DATA SHOWN Start Marker

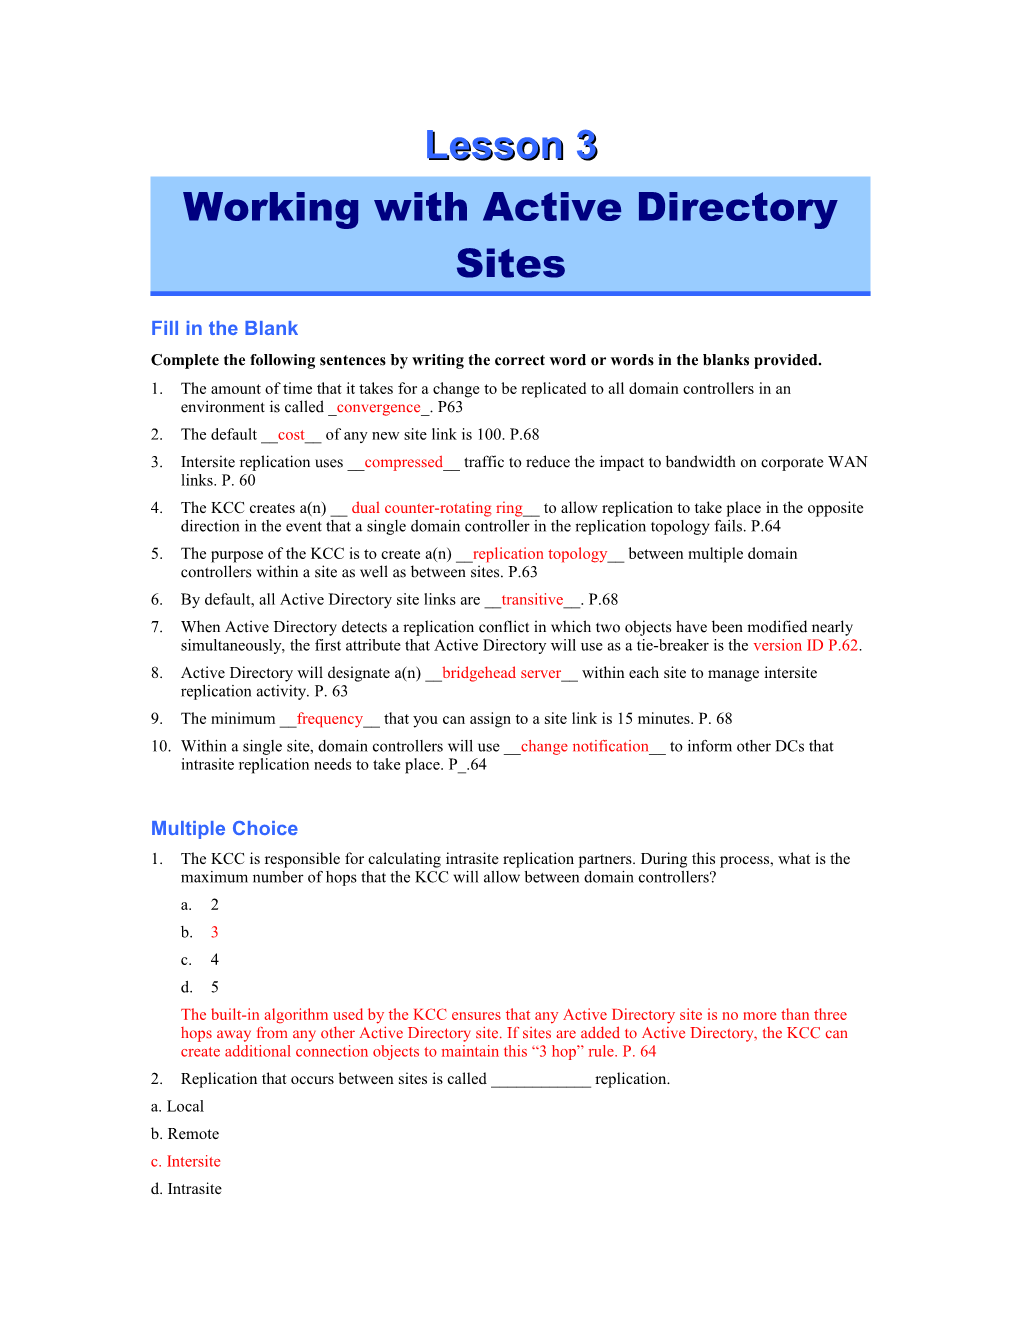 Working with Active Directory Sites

DATA SHOWN End Marker
DATA SHOWN Start Marker

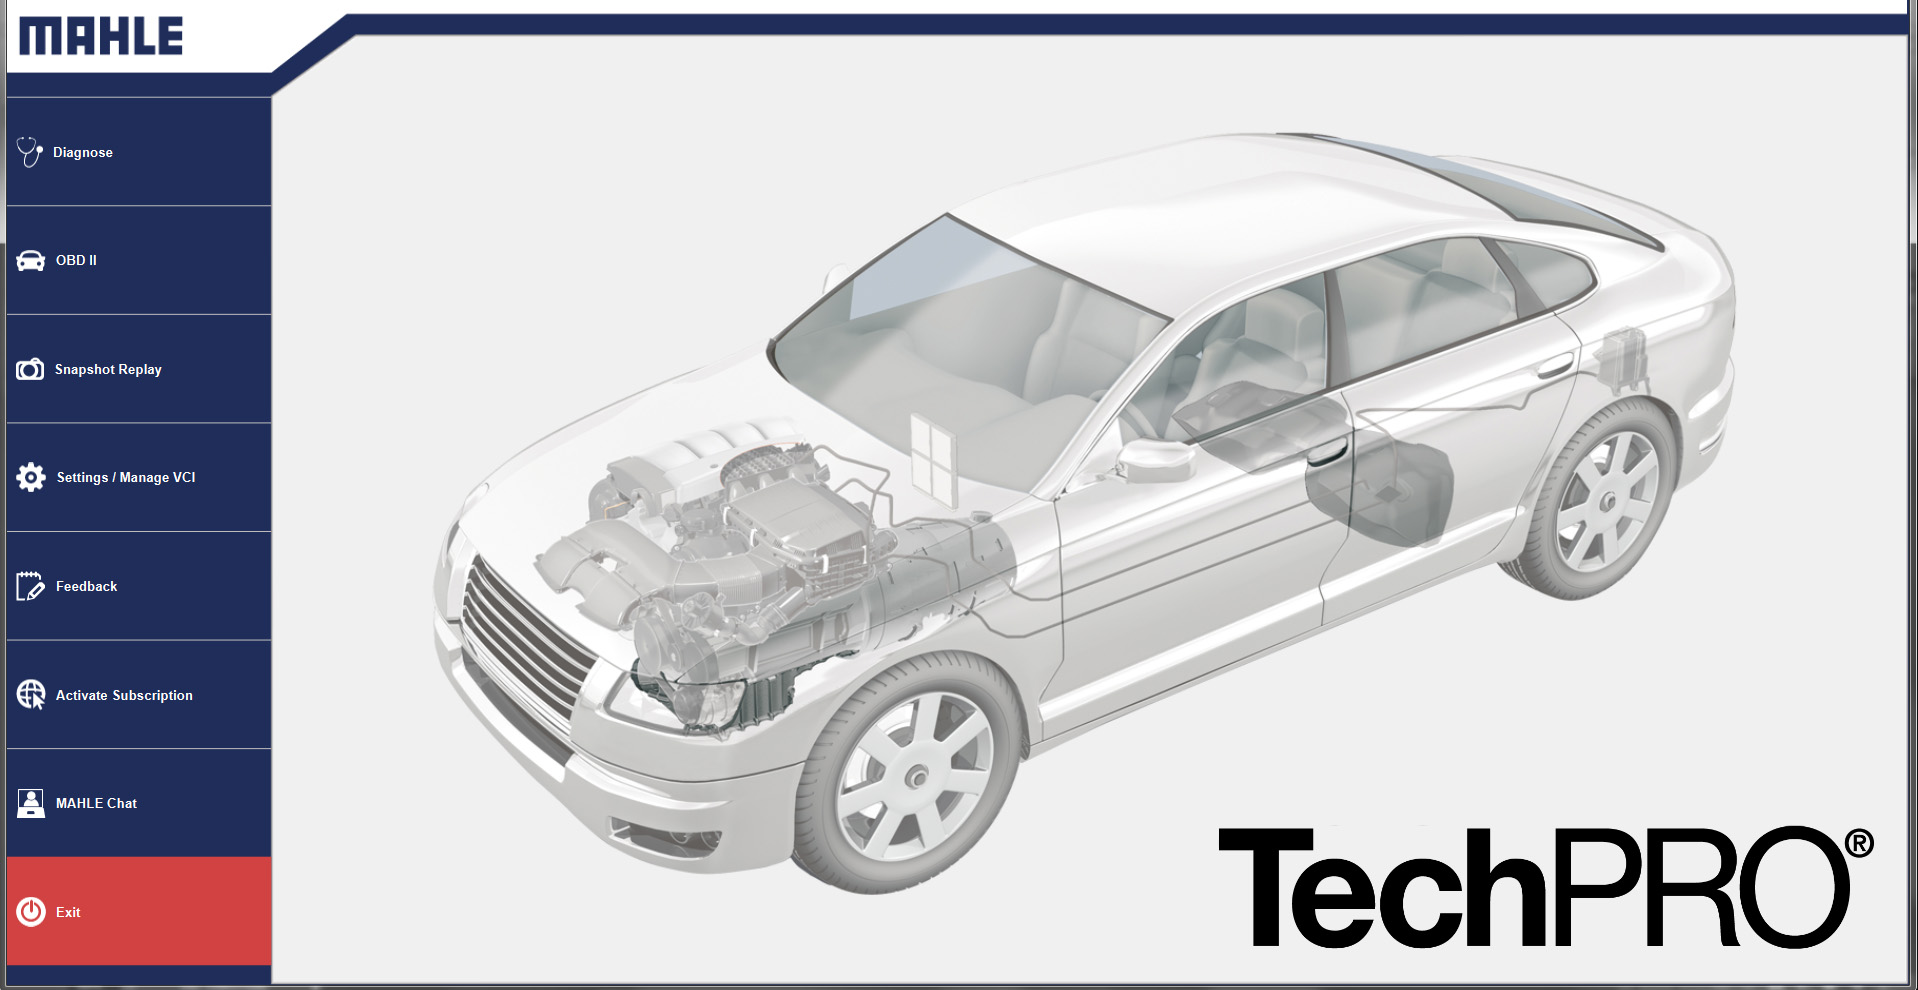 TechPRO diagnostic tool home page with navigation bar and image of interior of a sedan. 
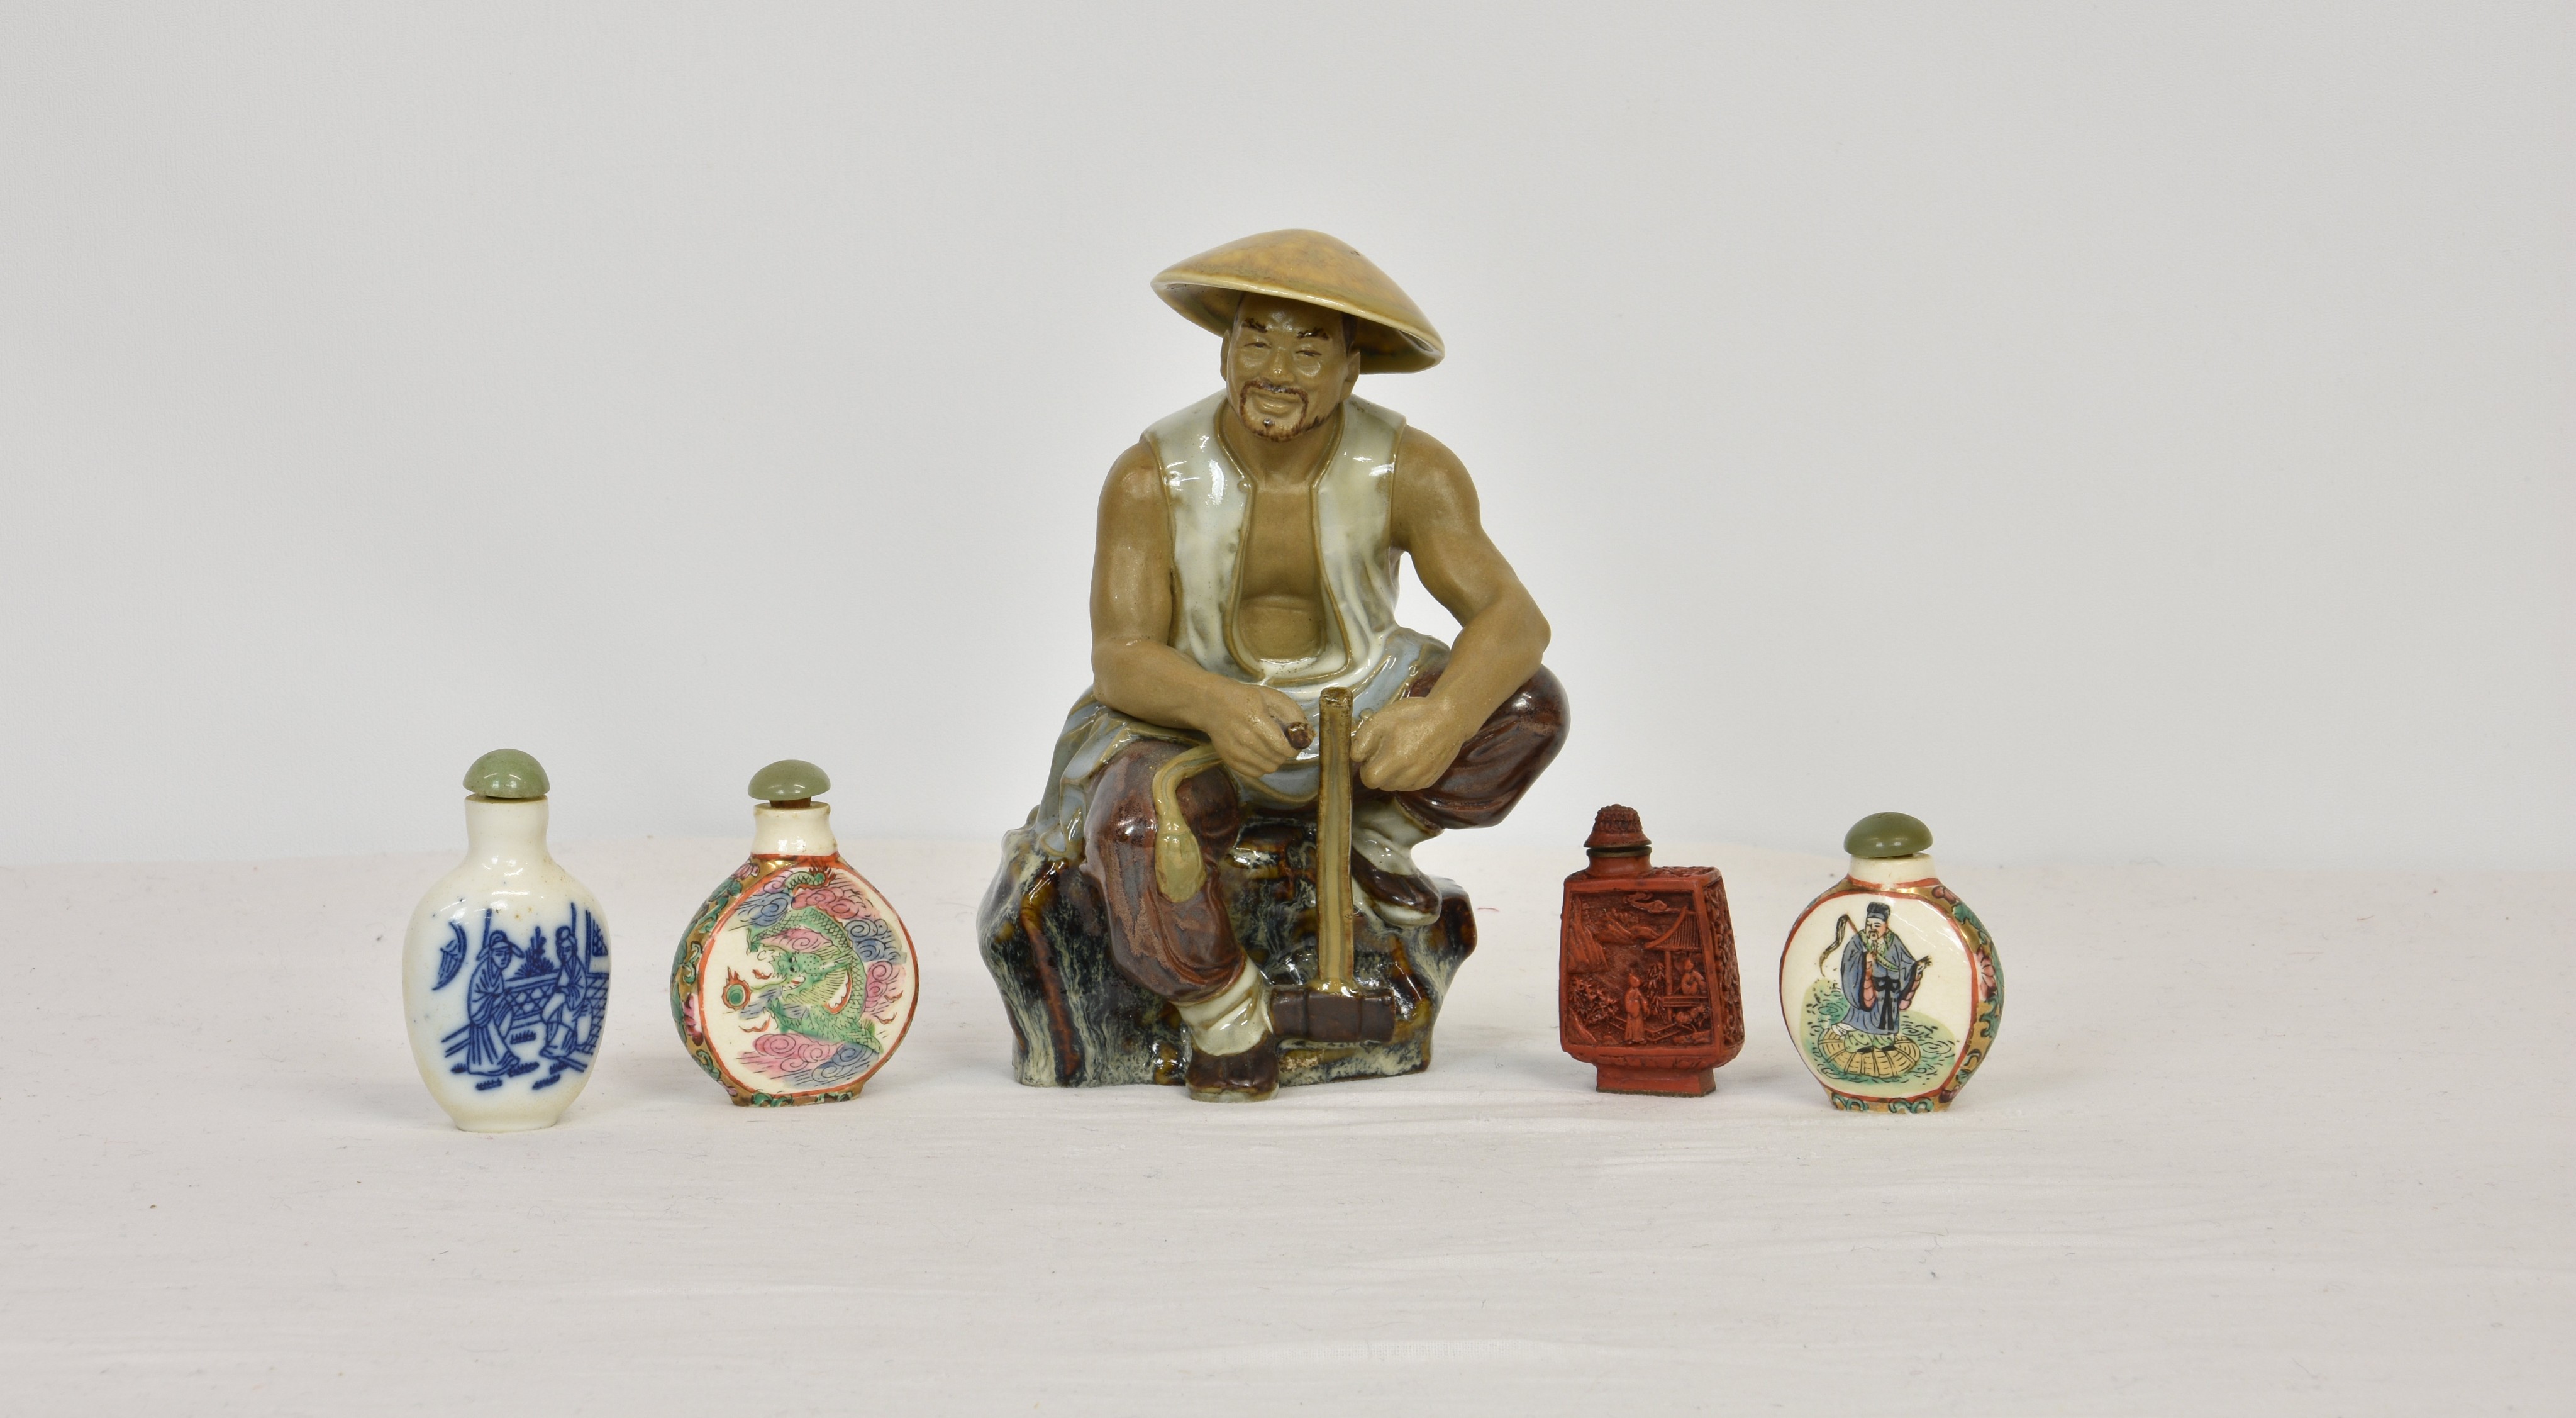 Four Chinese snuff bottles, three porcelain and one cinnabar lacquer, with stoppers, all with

DATA SHOWN End Marker
DATA SHOWN Start Marker

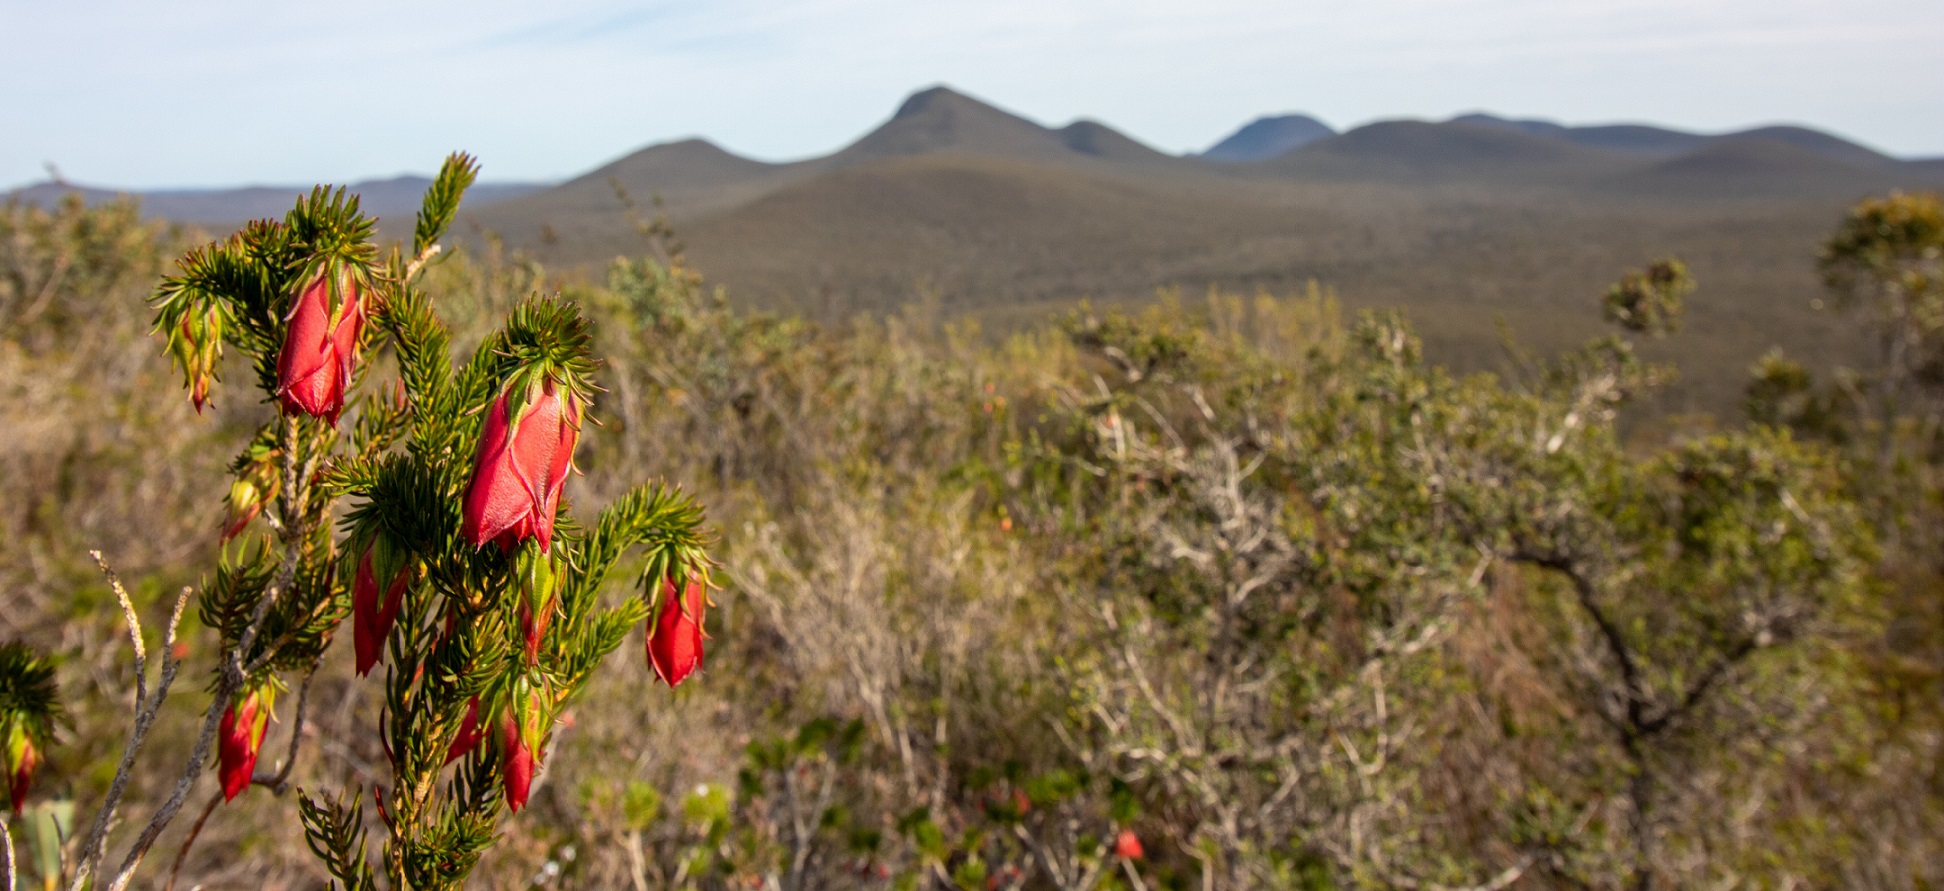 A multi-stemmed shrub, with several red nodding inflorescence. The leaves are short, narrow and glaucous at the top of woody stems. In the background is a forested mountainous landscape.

DATA SHOWN End Marker

Word for word, repeat the lines above from the one with "TechPRO diagnostic tool" through the one with "Four Chinese snuff", and nothing beyond them. Omit the pictures.

_REPLY TO THE TASK_.
 TechPRO diagnostic tool home page with navigation bar and image of interior of a sedan. 
 Four Chinese snuff bottles, three porcelain and one cinnabar lacquer, with stoppers, all with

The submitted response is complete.